The description is concise, consisting of two main sentences plus a list and endpoint reference. It front-loads the core action. However, the inclusion of API endpoint details may be extraneous for an AI agent and could be restructured for clarity.

Shorter descriptions cost fewer tokens and are easier for agents to parse. Every sentence should earn its place.

Completeness2/5

Given the tool's complexity, does the description cover enough for an agent to succeed on first attempt?

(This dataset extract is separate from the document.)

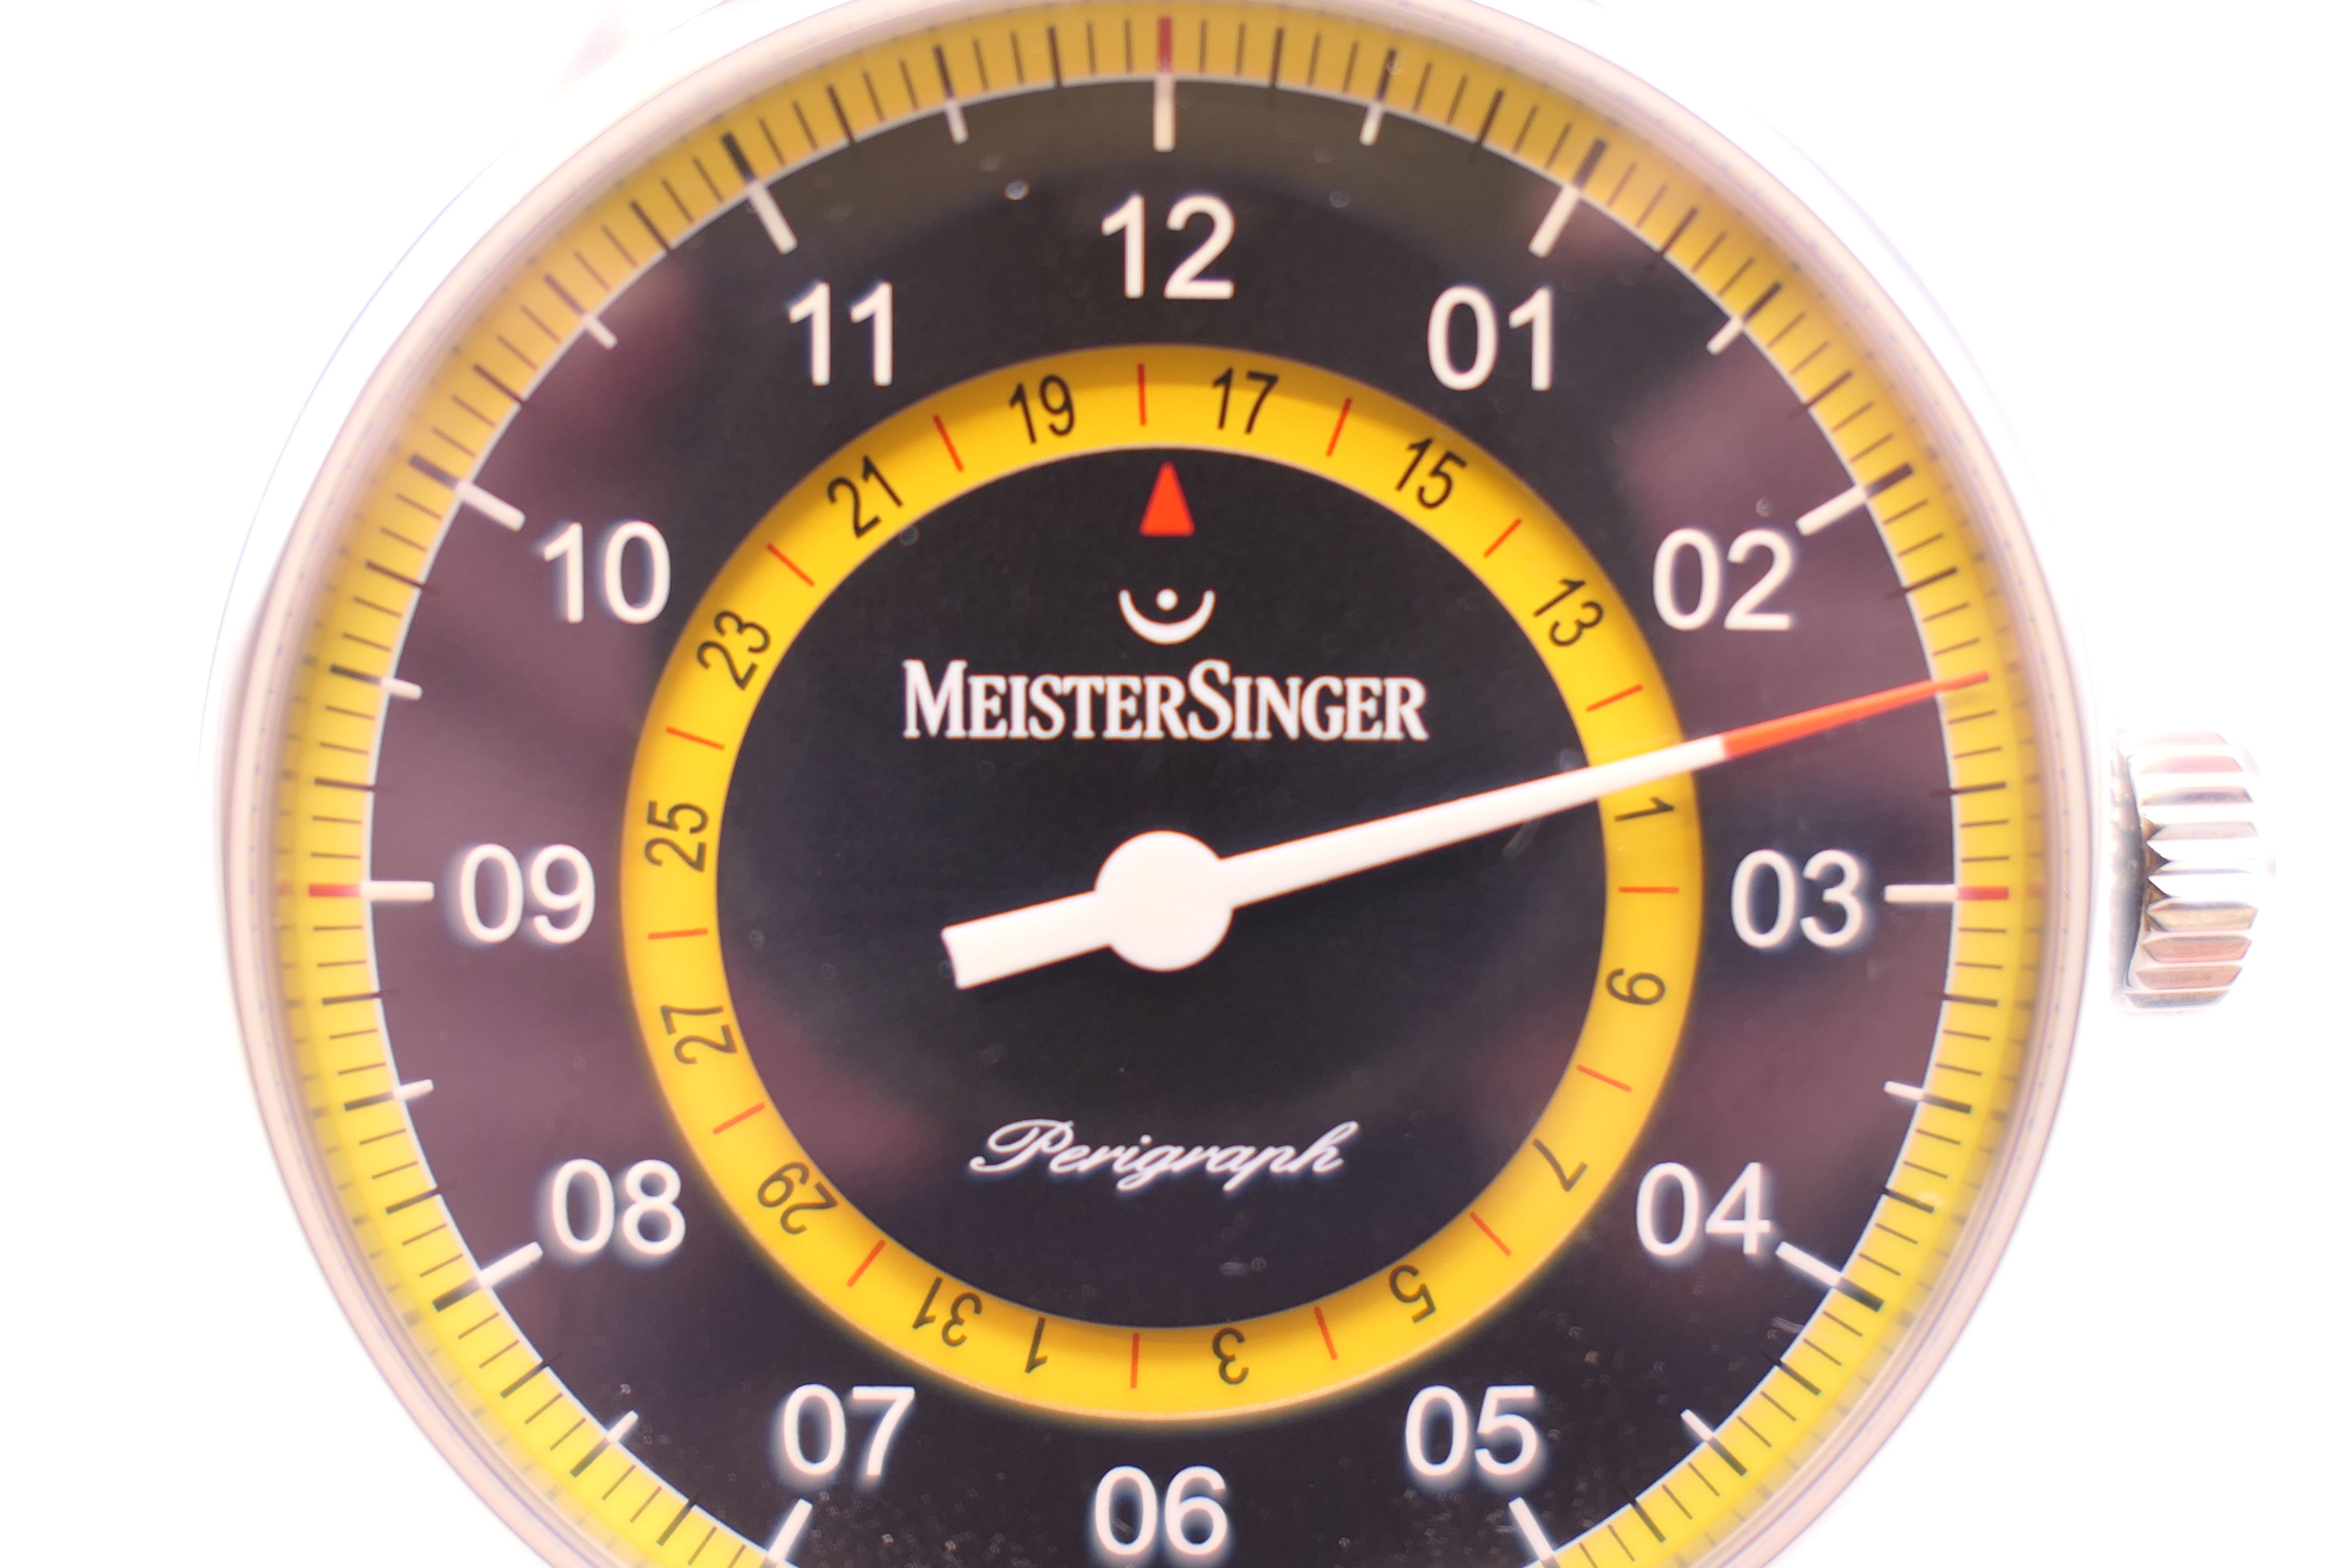 A boxed limited edition Meistersinger Perigraph gentleman's wristwatch. 4.5 cm wide. - Image 3 of 20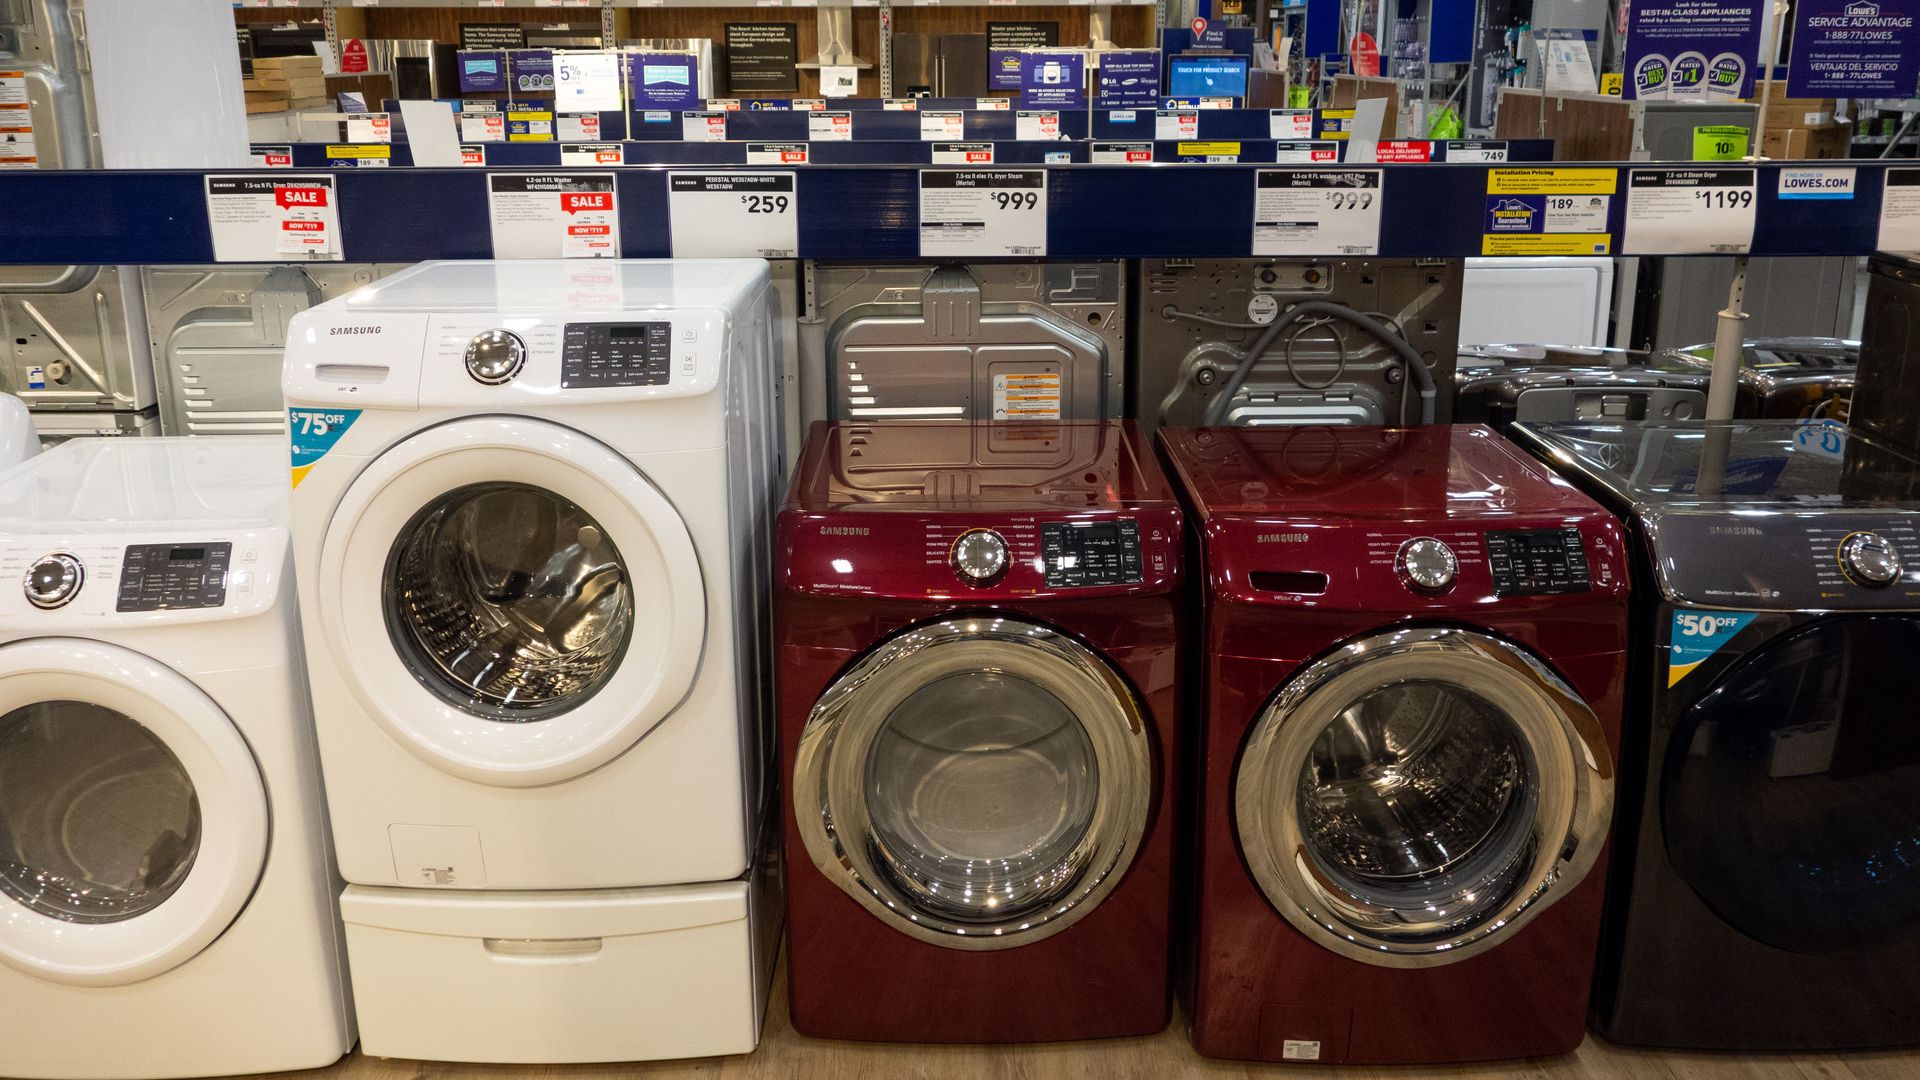 In this image, a row of different colors and brands of washing machines sit in a store.

Given the tool's complexity (9 parameters, nested objects, no output schema), the description lacks important context: no information on permissions, possible values for update fields, error responses, or handling of nested objects. The schema covers parameter descriptions, but the tool description should supplement this with behavioral nuances.

Complex tools with many parameters or behaviors need more documentation. Simple tools need less. This dimension scales expectations accordingly.

Parameters2/5

Does the description clarify parameter syntax, constraints, interactions, or defaults beyond what the schema provides?

While the input schema has 100% description coverage, the tool description adds minimal value by merely listing parameter names. It incorrectly states that 'equipment_id' is required, contradicting the schema's required array which omits it. The description does not explain the meaning or expected format of optional fields like 'type' or 'issue'.

Input schemas describe structure but not intent. Descriptions should explain non-obvious parameter relationships and valid value ranges.

Purpose4/5

Does the description clearly state what the tool does and how it differs from similar tools?

The description clearly states the tool updates an existing maintenance record by ID. It specifies partial updates and return of the modified object. However, it does not explicitly distinguish this tool from its sibling 'update_a_maintenance_record' (non-project version), relying on the name and endpoint for differentiation.

Agents choose between tools based on descriptions. A clear purpose with a specific verb and resource helps agents select the right tool.

Usage Guidelines2/5

Does the description explain when to use this tool, when not to, or what alternatives exist?

The description provides minimal usage guidance: it says to use it to update existing equipment records and lists required parameters. However, it lacks explicit when-to-use or when-not-to-use conditions, and does not mention alternatives (e.g., create vs update). The discrepancy between stated required parameters and the schema's required list could mislead an agent.

Agents often have multiple tools that could apply. Explicit usage guidance like "use X instead of Y when Z" prevents misuse.